**Source material:**

^^^^^^^^^^^^^^^^

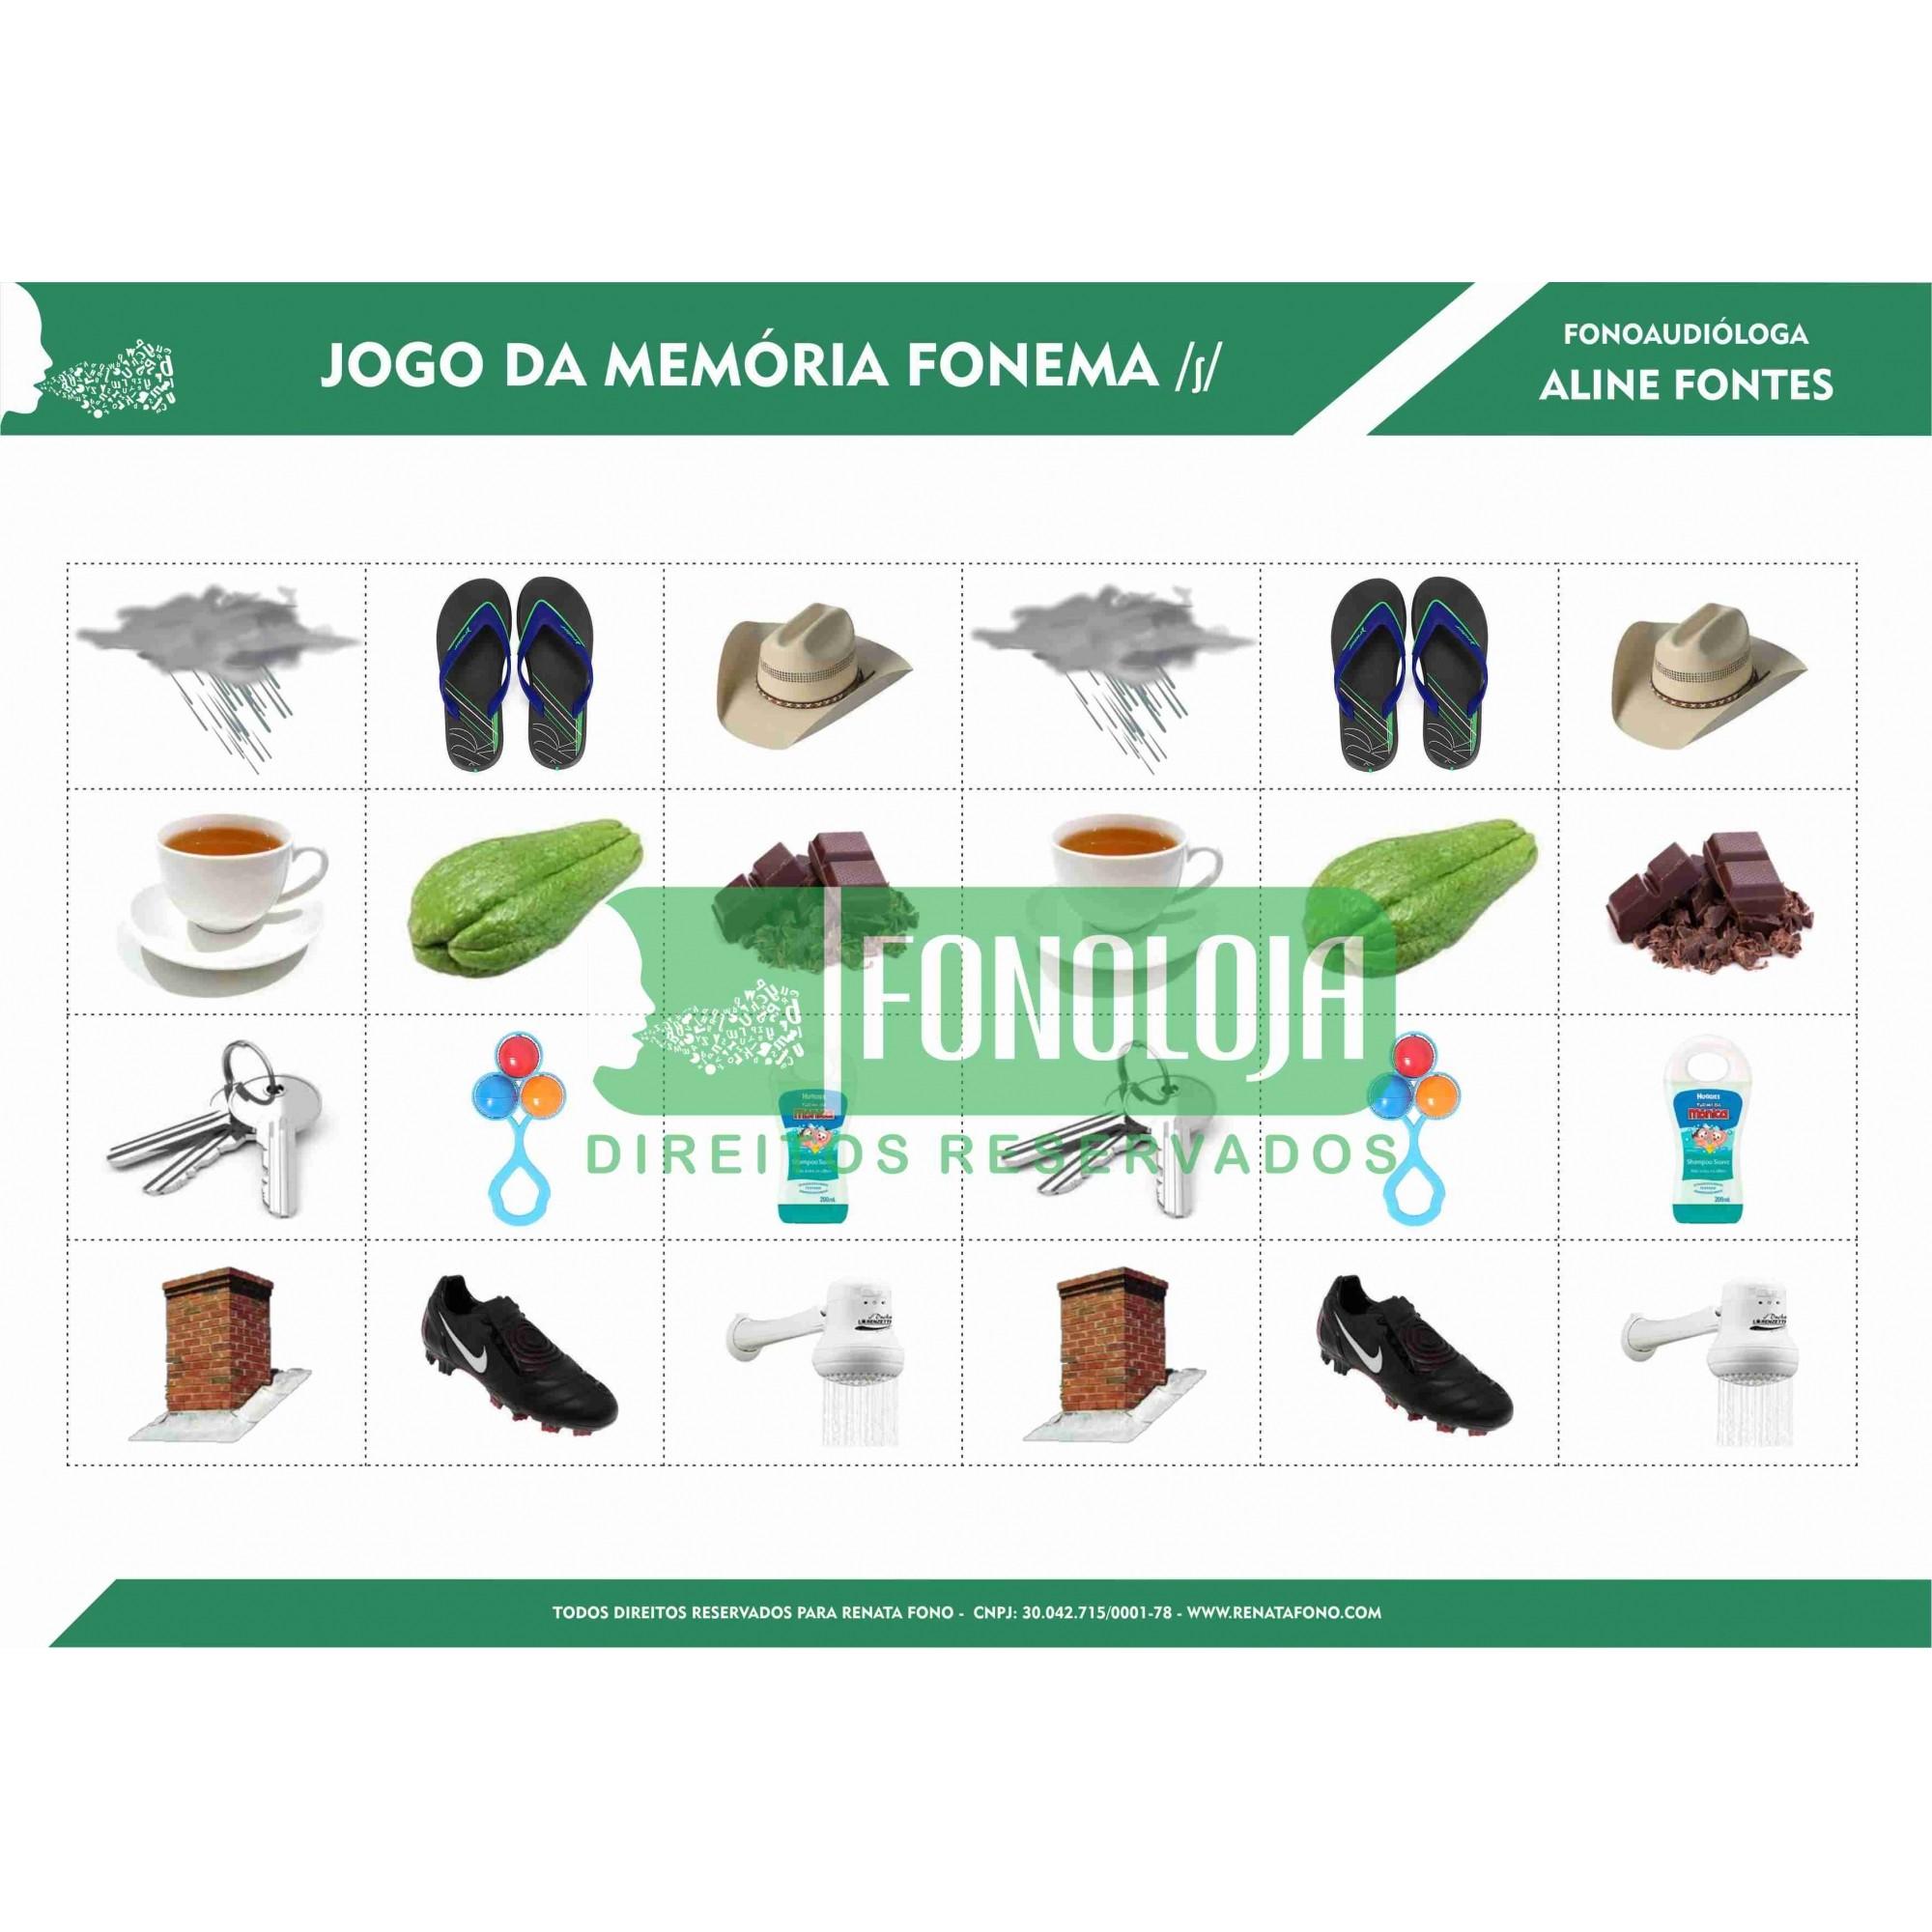 KIT 02 - 06 PRANCHAS JOGOS DA MEMÓRIA FONEMAS FRICATIVOS - FORMATO DIGITAL
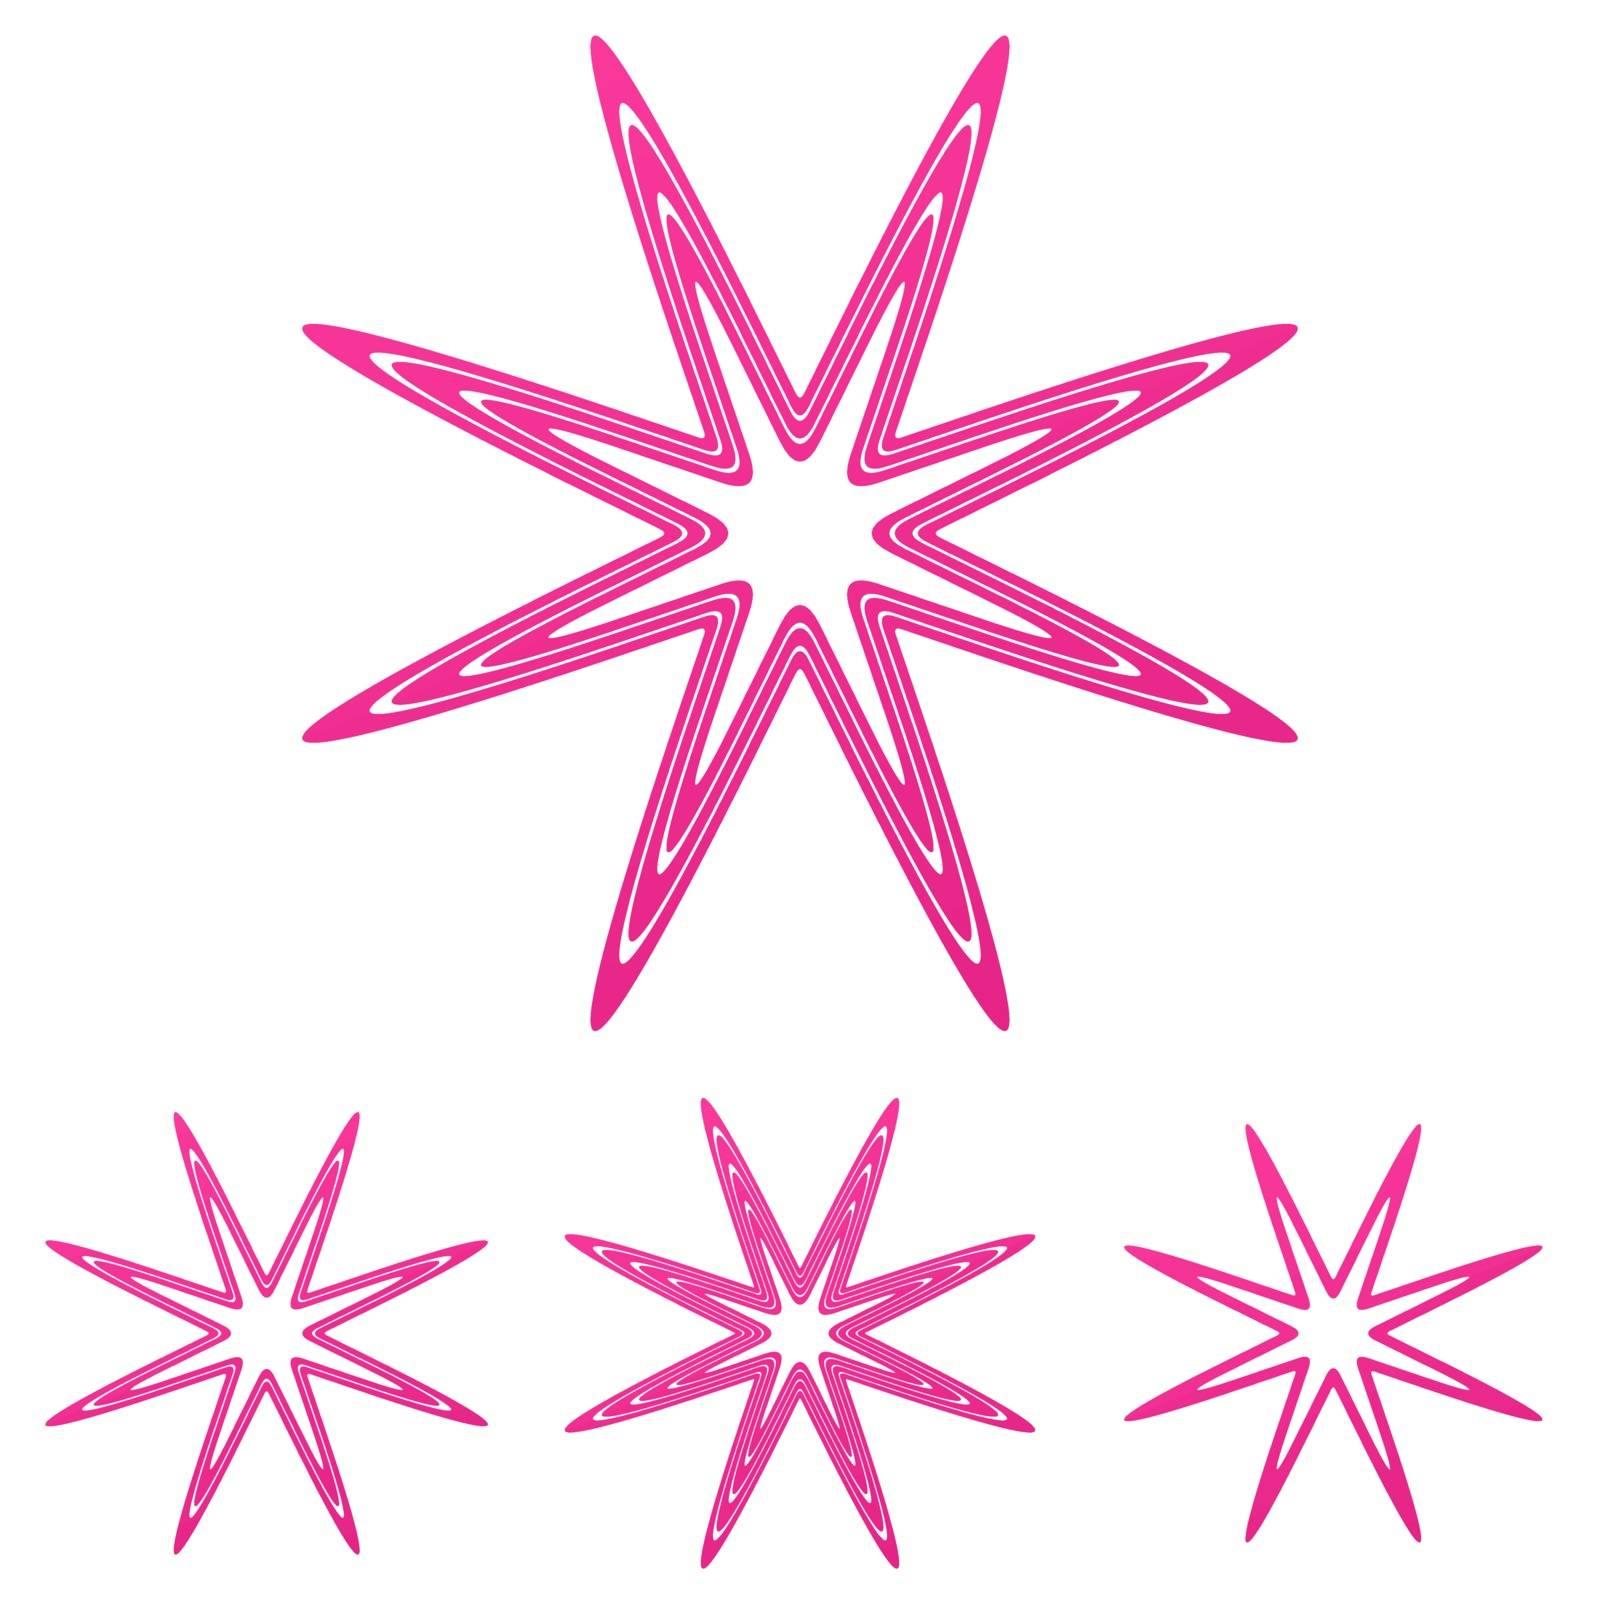 Pink line star thorn logo design set
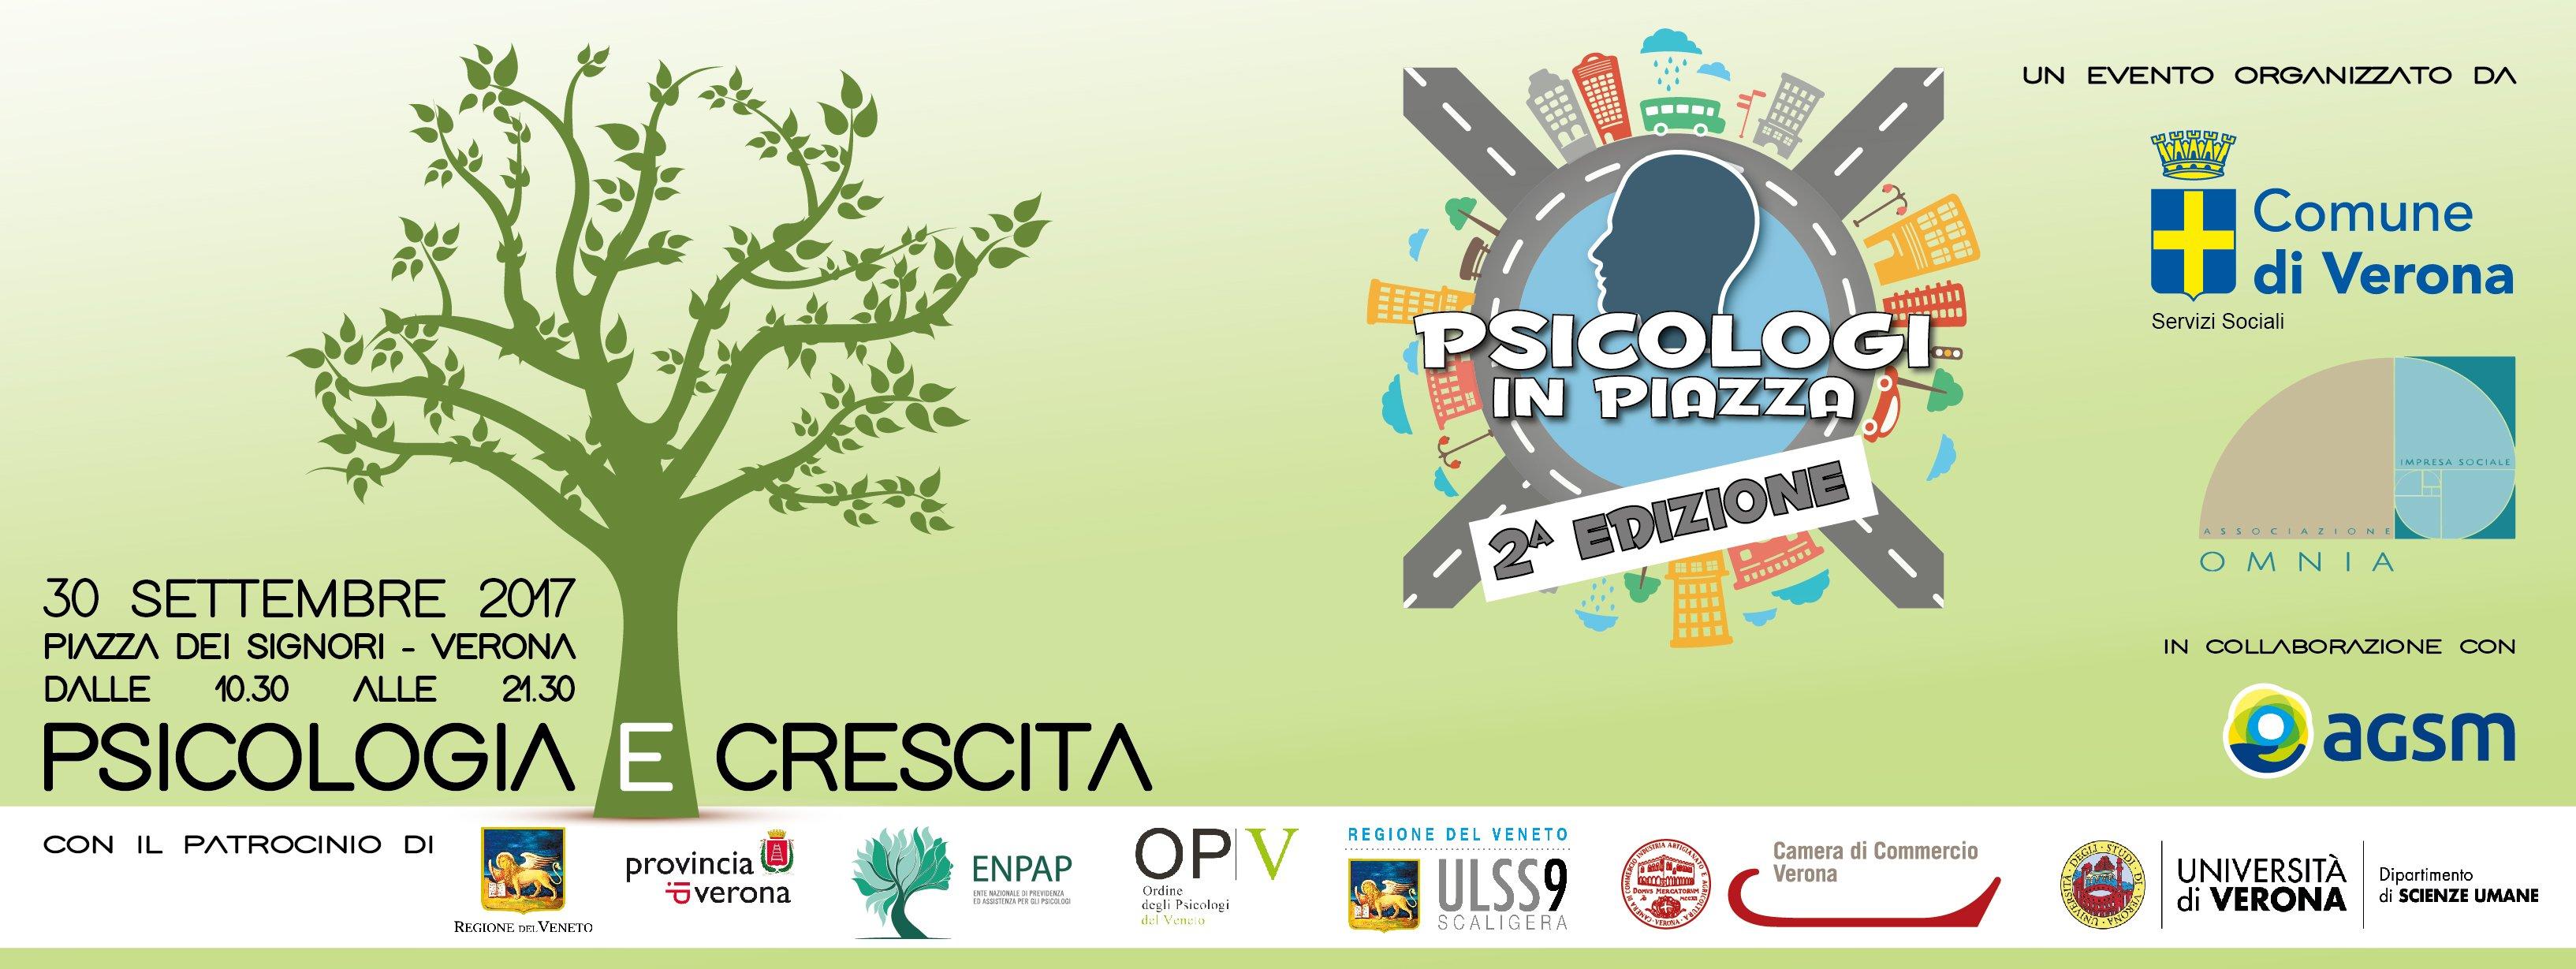 Psicologi in Piazza Verona 2017 lungo

^^^^^^^^^^^^^^^^

**Task to complete:** Leave the pictures out and print the whole listing precisely.

**Written answer:**
 KIT 02 - 06 PRANCHAS JOGOS DA MEMÓRIA FONEMAS FRICATIVOS - FORMATO DIGITAL
 Pink line star thorn logo design set
 Psicologi in Piazza Verona 2017 lungo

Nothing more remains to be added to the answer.